= R (cross section ratio) =

R is the ratio of the hadronic cross section to the muon cross section in electron–positron collisions:
 $R = \frac{\sigma^{(0)}(e^+e^-\rightarrow \mathrm{hadrons})}{\sigma(e^+e^-\rightarrow \mu^+\mu^-)},$
where the superscript (0) indicates that the cross section has been corrected for initial state radiation. R is an important input in the calculation of the anomalous magnetic dipole moment. Experimental values have been measured for center-of-mass energies from 400 MeV to 150 GeV.

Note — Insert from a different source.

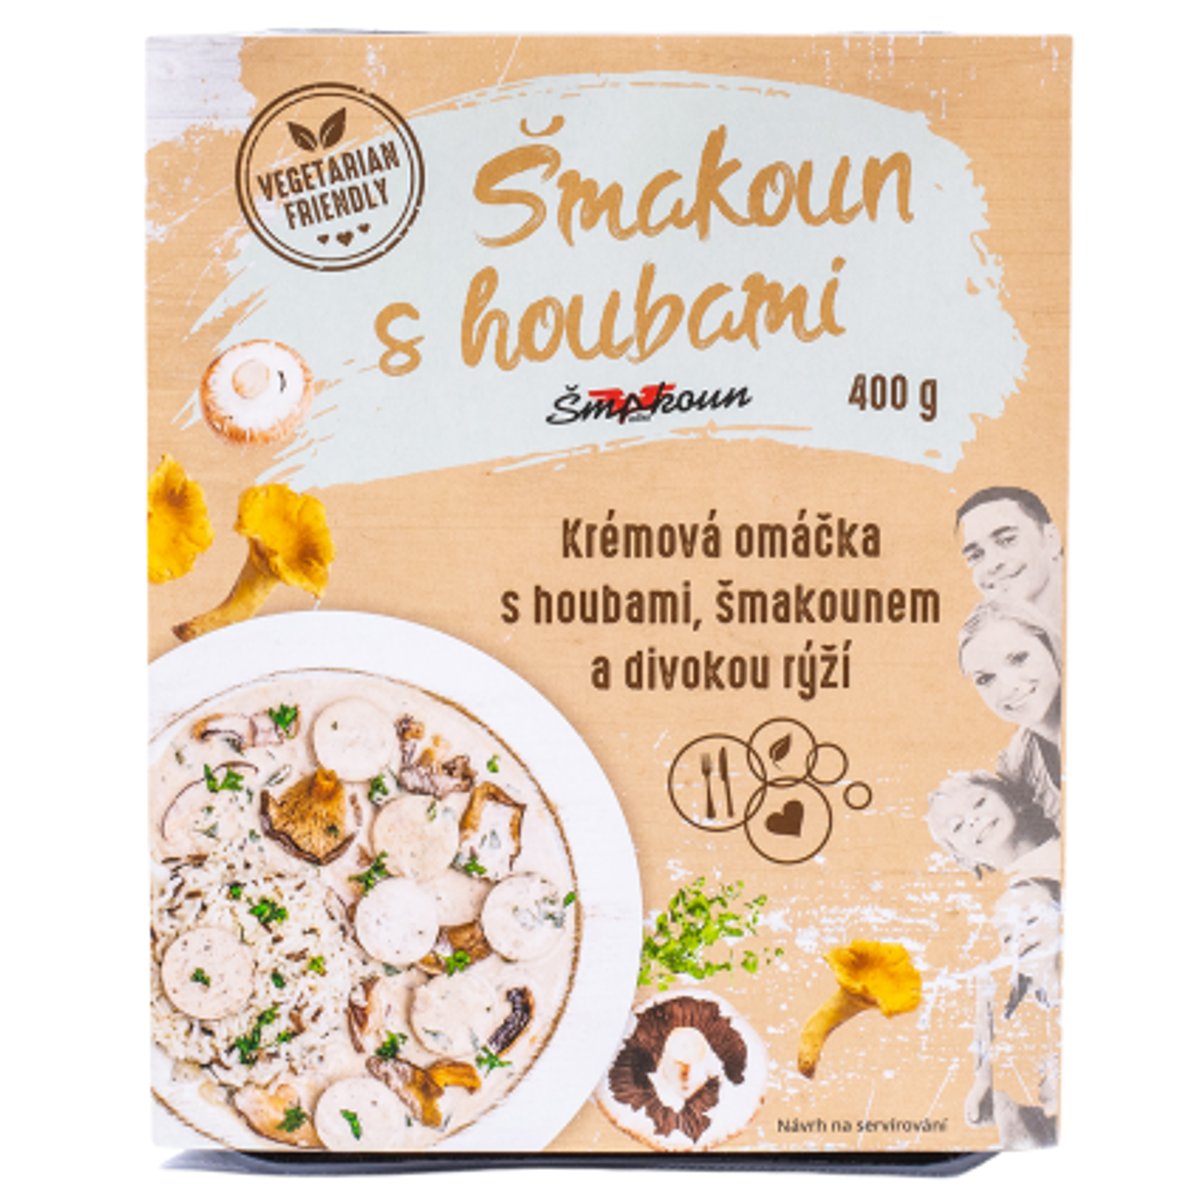 Šmakoun s houbami Krémová omáčka s houbami, šmakounem a divokou rýží

R also provides experimental confirmation of the electric charge of quarks, in particular the charm quark and bottom quark, and the existence of three quark colors. A simplified calculation of R yields
 $R = 3\sum_q e_q^2/e^2,$
where the sum is over all quark flavors with mass less than the beam energy. e_{q} is the electric charge of the quark, and the factor of 3 accounts for the three colors of the quarks. QCD corrections to this formula have been calculated.

Usually, the denominator in R is not the actual experimental μμ cross section, but the off-resonance theoretical QED cross-section: this makes resonances more visibly dramatic than normalization by the μμ cross section, which is also greatly enhanced at these resonances (hadronic states, and Z boson).